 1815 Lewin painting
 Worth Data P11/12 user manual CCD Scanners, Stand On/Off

--

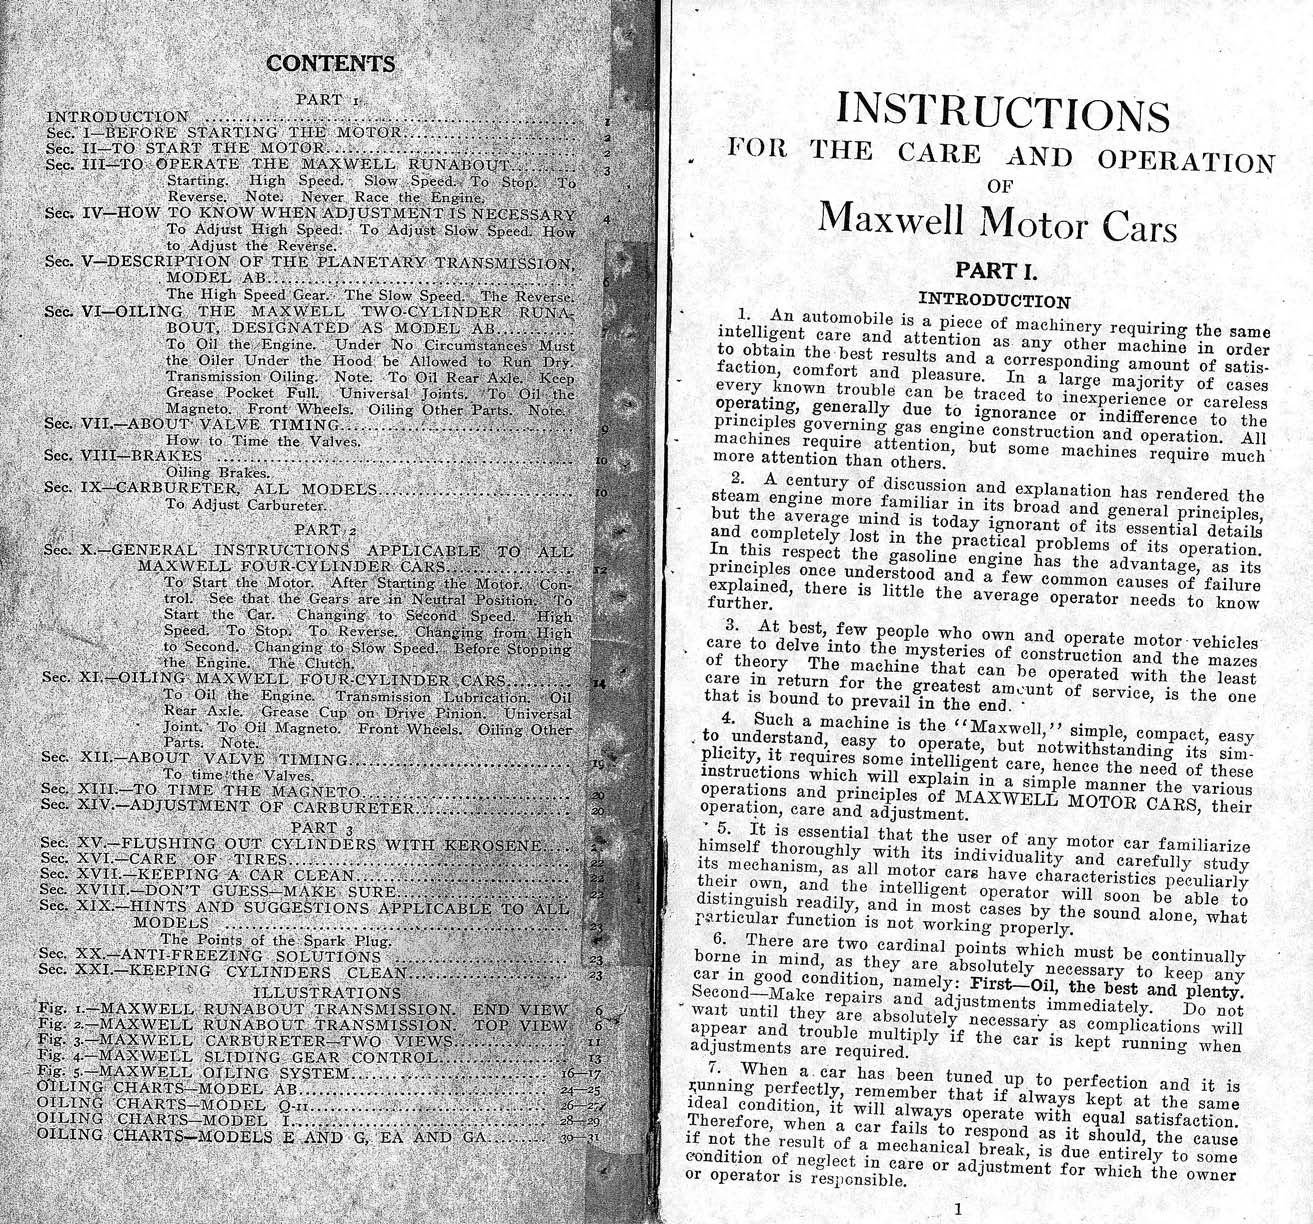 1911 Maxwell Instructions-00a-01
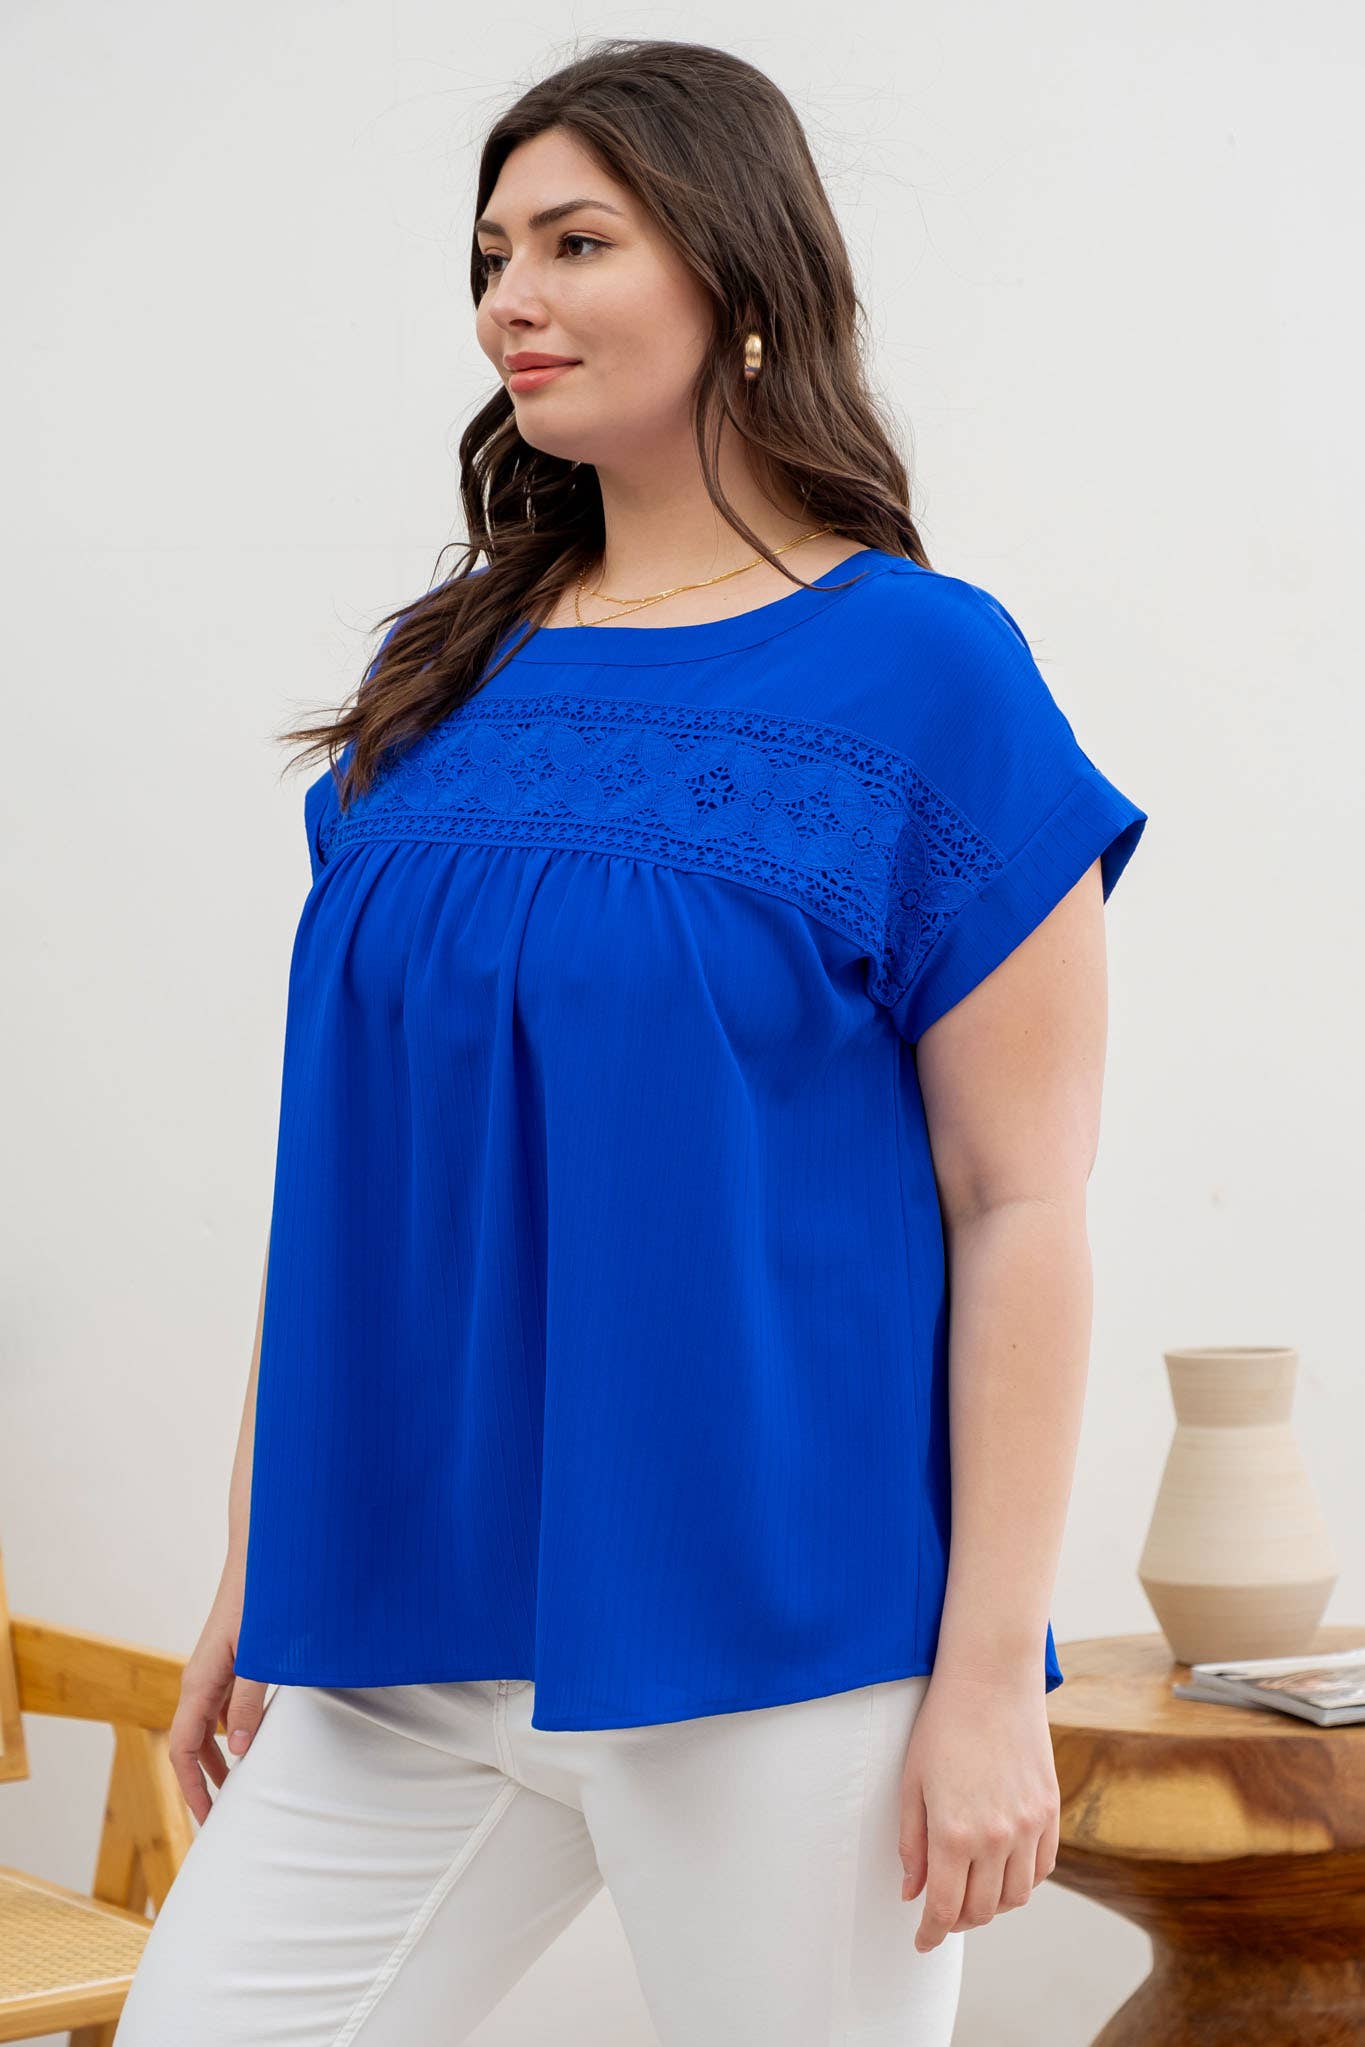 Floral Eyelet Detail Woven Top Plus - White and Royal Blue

--

Action item ▸
Please give an exact copy of the entries above, from the line with "1815 Lewin painting" down to the line with "Worth Data P11/12", inclusive, and nothing else.

Written response ▸
 1815 Lewin painting
 Worth Data P11/12 user manual CCD Scanners, Stand On/Off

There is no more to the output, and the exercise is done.